Костя молчал и таинственно улыбался.
– Да ведь я все равно узнаю от Шлимовича, сколько вы заплатили, – продолжала она. – Говорите.
– Девятьсот рублей. Даже можно так считать, что она много дороже мне обошлась.
– Не врете?
– Зачем же врать?
– Ну, спасибо вам. Еще раз скажу, что паинька-мальчик. Слышите, завтра пришлите мне парные сани. Я хочу в этой ротонде по Невскому кататься.
– Хорошо, хорошо.
– Ах, Надя, какая ты счастливая! А я так прошу, прошу у Николая Иваныча хоть куний воротник к пальту – и то не покупает, – сказала со вздохом статисточка.
– Вольно же тебе с музыкантом связываться! Ну что такое музыкант? Ну много ли он получает?
– Да ведь жених…
– Поди ты! Какой прок от такого жениха? Еще если бы музыкант-то был настоящий, а то дудка. За два рубля в вечер играет. Вот у меня саврасик… Правда, и он бывает иногда дрянь-мальчишка, но сегодня паинька. Знаете, за что вы сегодня паинька? – обратилась Надежда Ларионовна к Косте. – За то паинька, что придумали эту самую ротонду на сцену мне поднести. Я хотела вас ругать и даже очень ругать, а уж теперь и язык не поворачивается. И как это вы так придумали? Своим умом дошли или вас другой кто-нибудь надоумил?
– Своим. Только что ж тут такое? Букеты, обернутые вместо ленты шелковой материей на платье, подносят же, подносят разные серебряные сервизы и вазы, так отчего же букет, обернутый ротондой, не поднести? – доказывал Костя.
– Нет, я к тому, что вы всегда такой глупенький, а тут…
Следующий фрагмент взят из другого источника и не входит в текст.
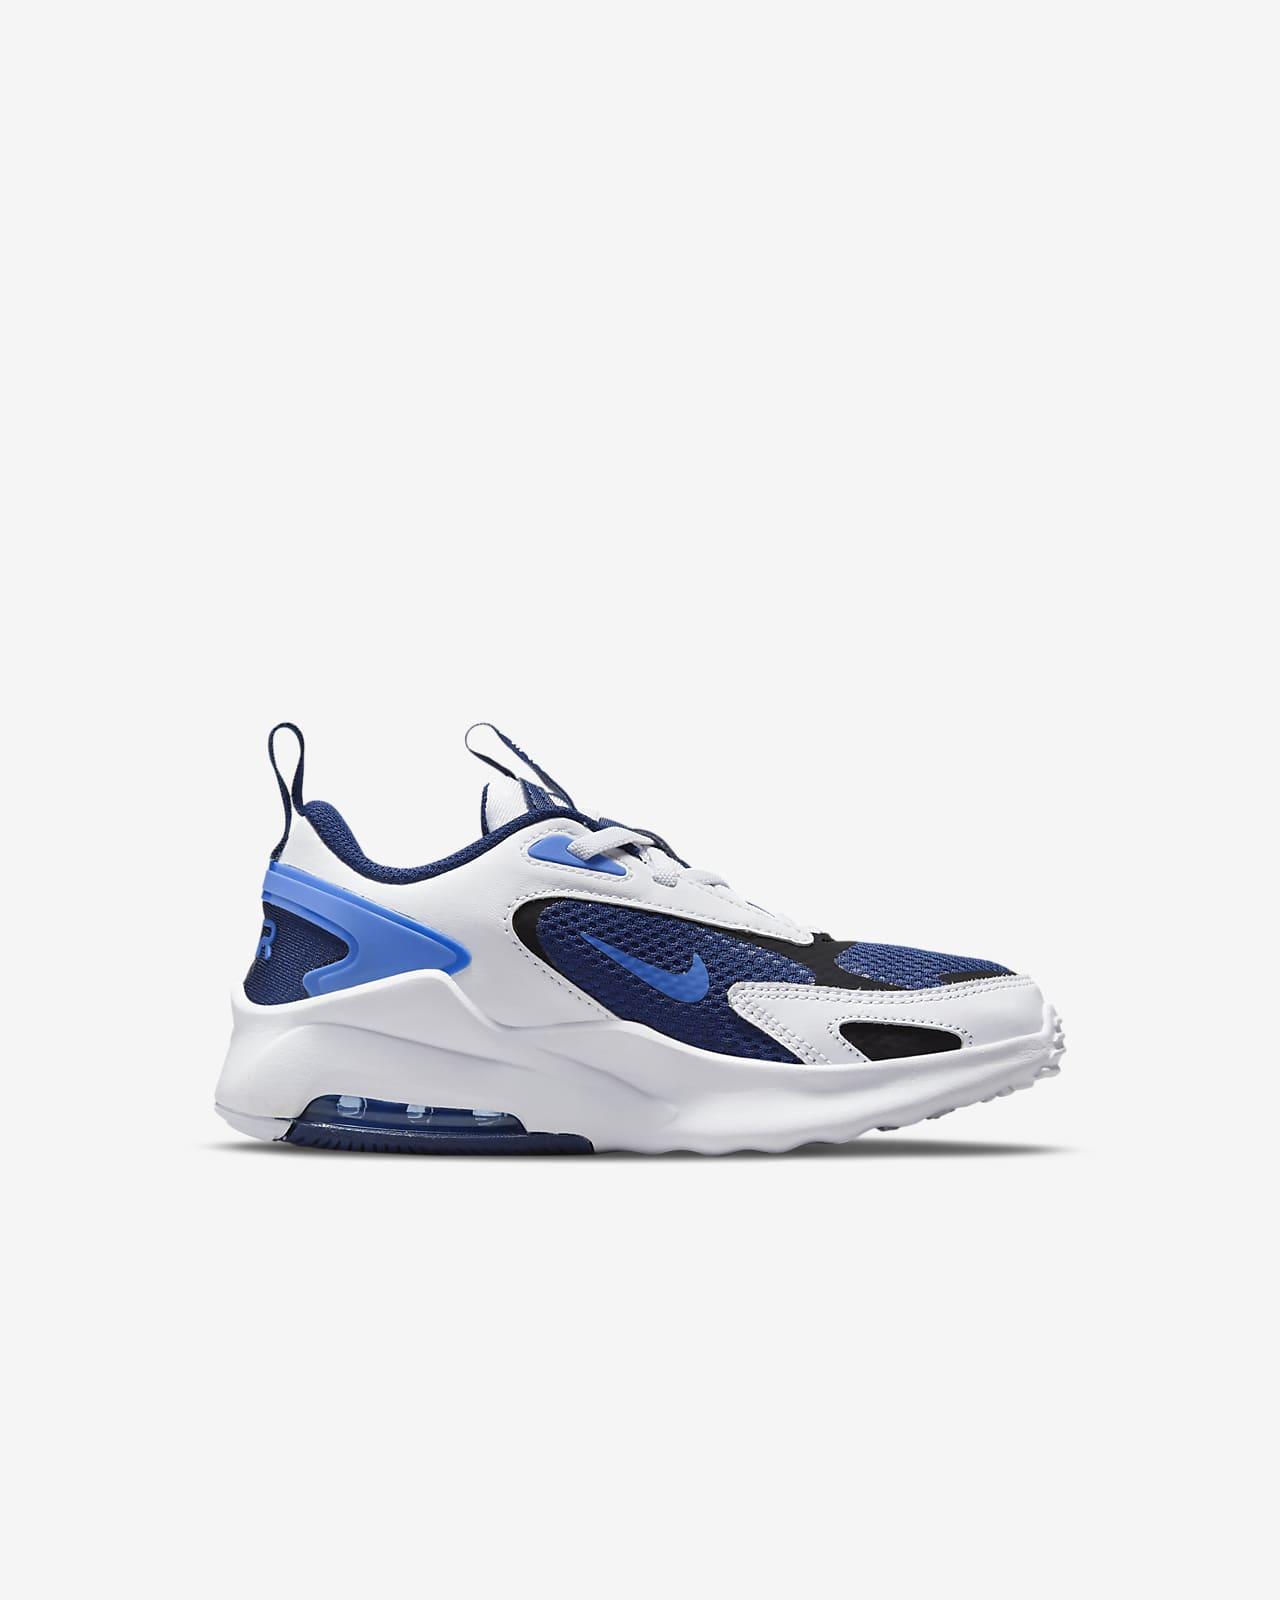 Chaussure Nike Air Max Bolt pour Jeune enfant. Nike LU
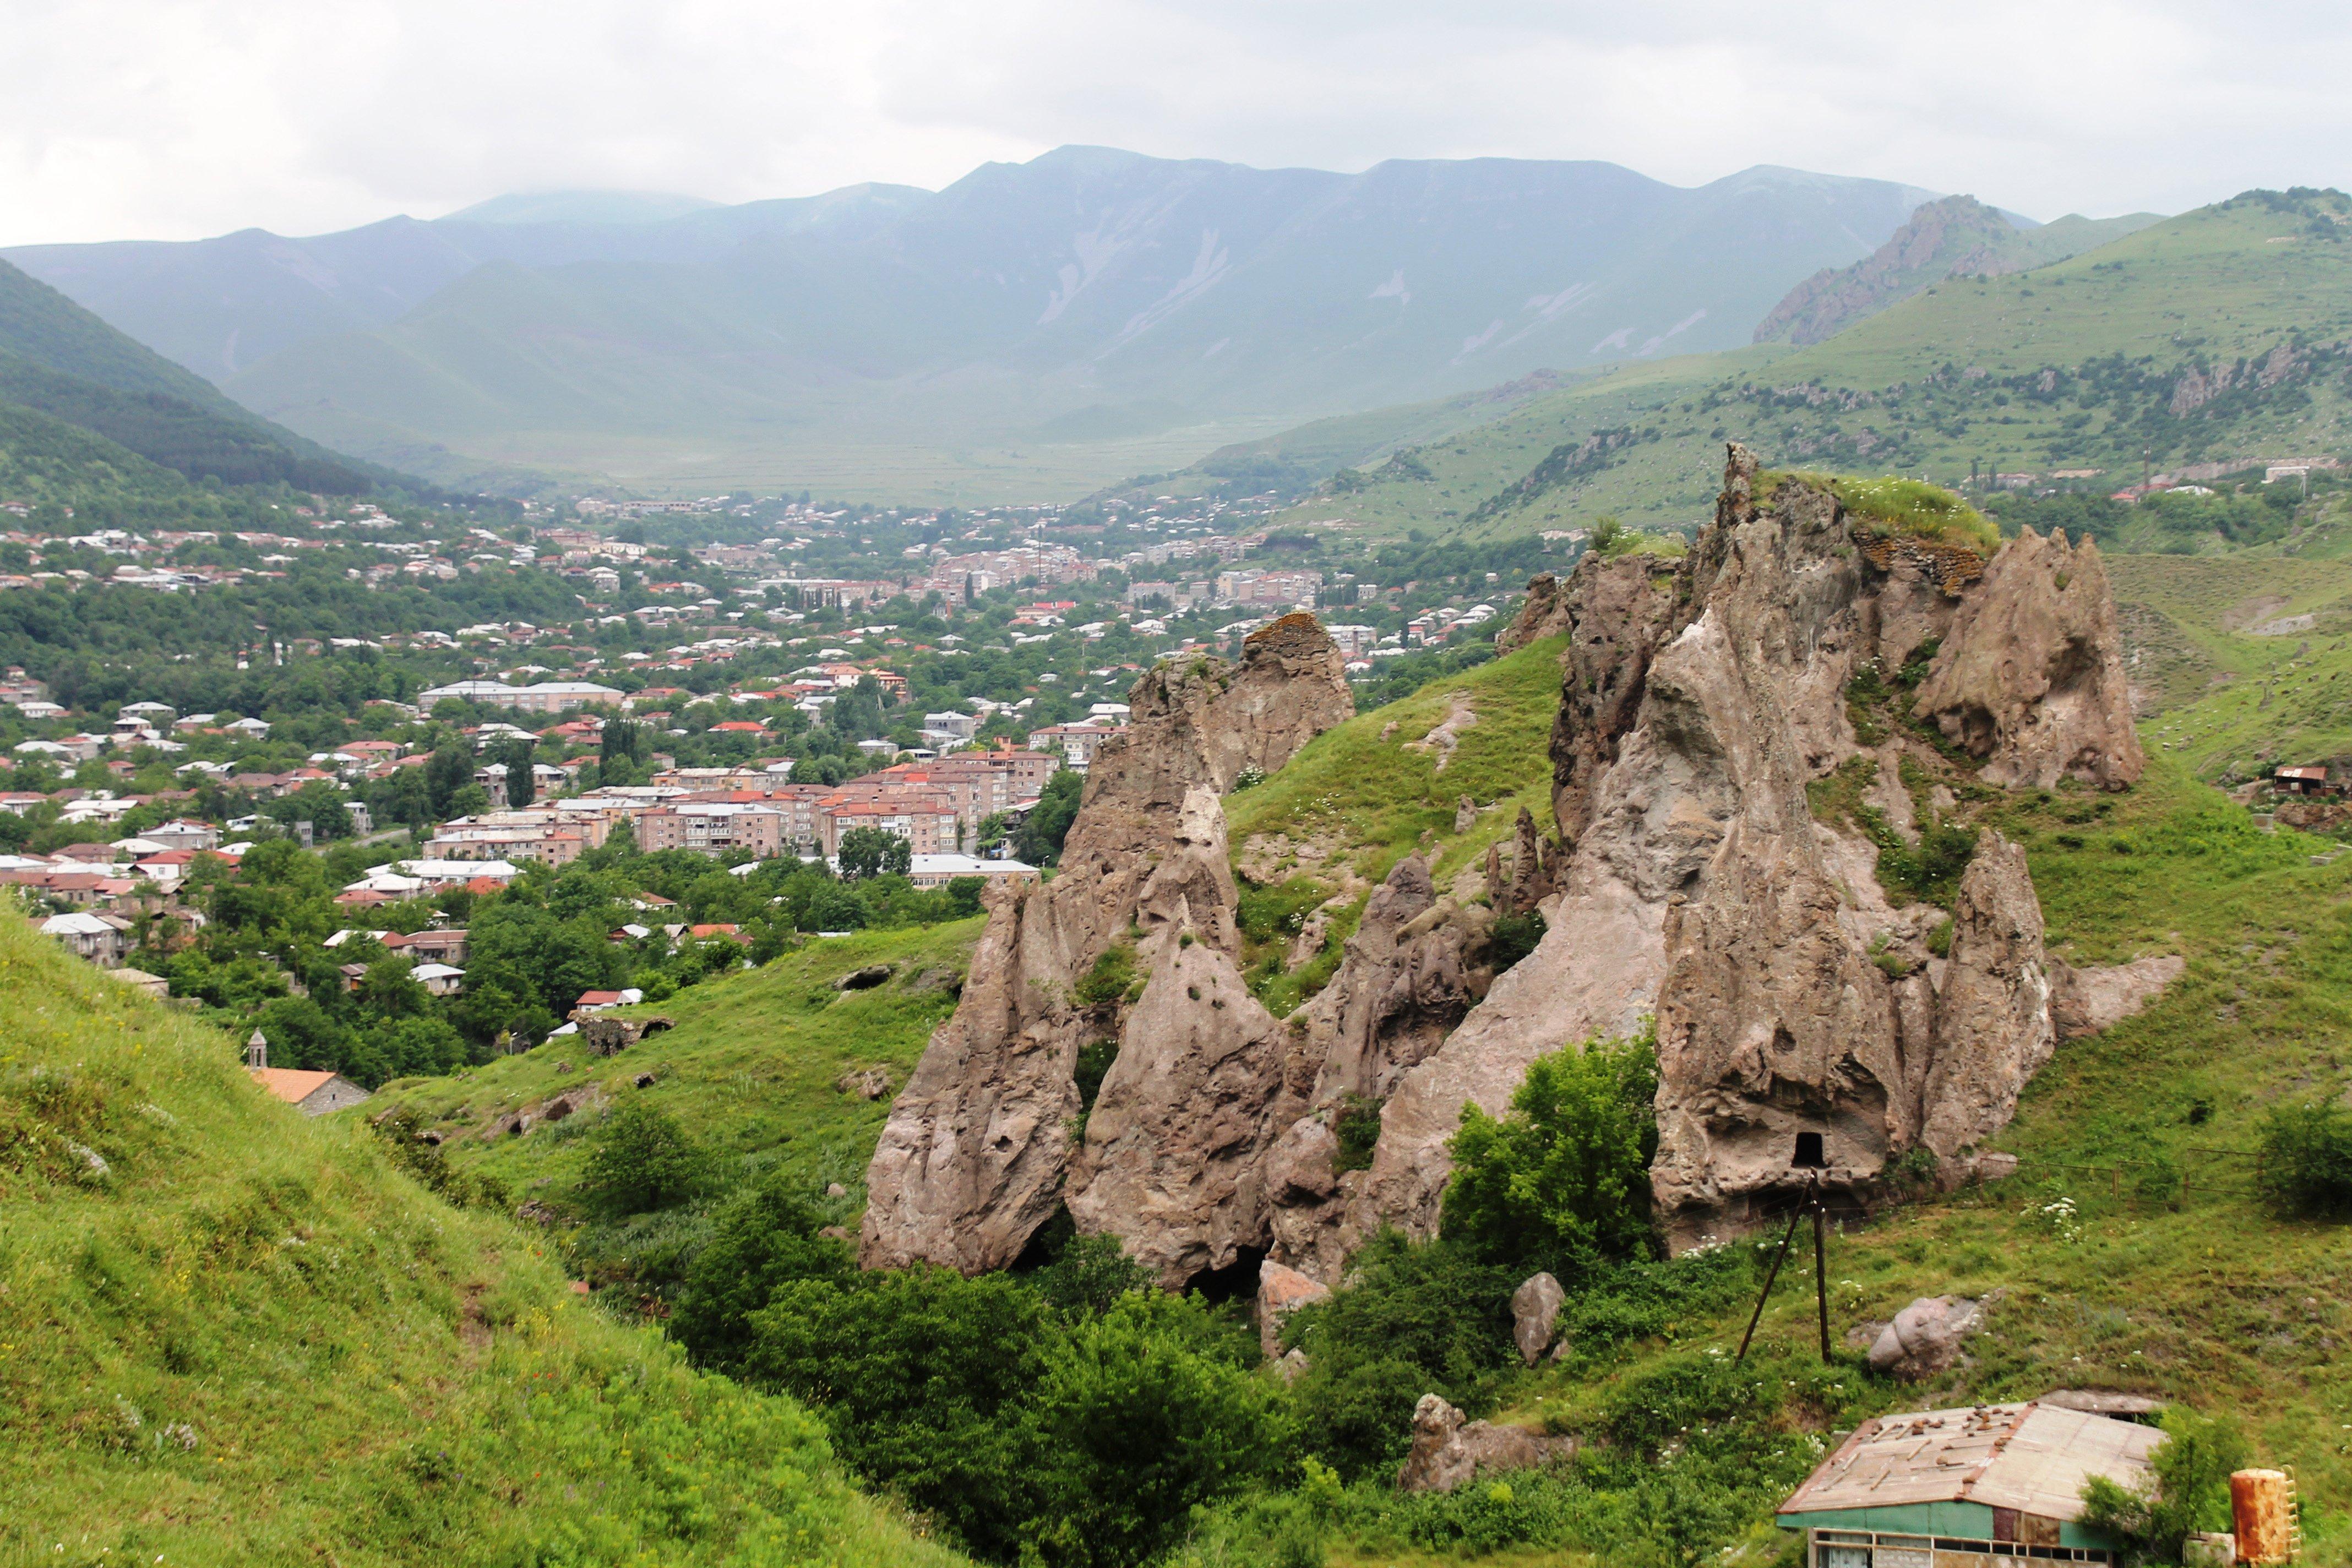 Troglodyte洞穴住宅位于亚美尼亚南部的Goris镇上方。照片:Diana Noonan

Верно, вас Шлимович надоумил?
– Ей-ей, своим умом. Я на тебя-то вот удивляюсь, как это ты нашлась, чтобы после поднесения надеть эту ротонду на себя и в ней выскочить?
– А что? Разве не хорошо?
– Напротив. Прелесть как хорошо. Ужасно чудесно вышло. Шик. Все в восторге. Офицер сейчас говорил, что это не всякая и француженка догадается.
– Что мне француженка! Я теперь сама всякой француженке нос утру. Плевать мне на француженку. Меня вон в настоящий большой театр приглашают, чтобы оперетку играть… – похвалялась Надежда Ларионовна, гордо вздернув носик. – Приехал антрепренер из провинции и предлагает четыреста рублей и бенефис. Да даст и больше.
Костя вспыхнул.
– Ах, Надежда Ларионовна, вот об этом-то я с тобой и хотел поговорить, – начал он. – Я слышал уже об этом от Лизаветы Николаевны.
– Отговаривать хотите? Не отговорите, – махнула рукой Надежда Ларионовна. – Сил не хватит.
– Да не я один. То же самое и твой антрепренер Караулов.
– Караулов – первый сквалыжник. Пусть даст пятьсот рублей и бенефис, да пусть мне в бенефис «Прекрасную Елену» поставит. А то ведь норовит вон на конфектах отъехать…
Сердце Кости болезненно сжалось, и он снова начал:
– Надюша, разочти: ведь он дает сто двадцать пять рублей и бенефис… Может быть, даст и полтораста. Не поедешь, так ведь и неустойки ему не платить.
– Ах, оставьте вы, пожалуйста! Мне из этого прокопченного театра-то только бы выбраться.
Костя встал, подошел к ней и украдкой шепнул:
– Ты меня пожалей. Ведь я без тебя с ума сойду.
– Да чего вы боитесь-то? Ведь я через три месяца обратно вернусь. Скажите на милость, какая ревность! – громко крикнула Надежда Ларионовна. – И уж когда вернусь, тогда другая цена будет.
– Да тебя и так оценят, и без отъезда оценят, – шептал Костя.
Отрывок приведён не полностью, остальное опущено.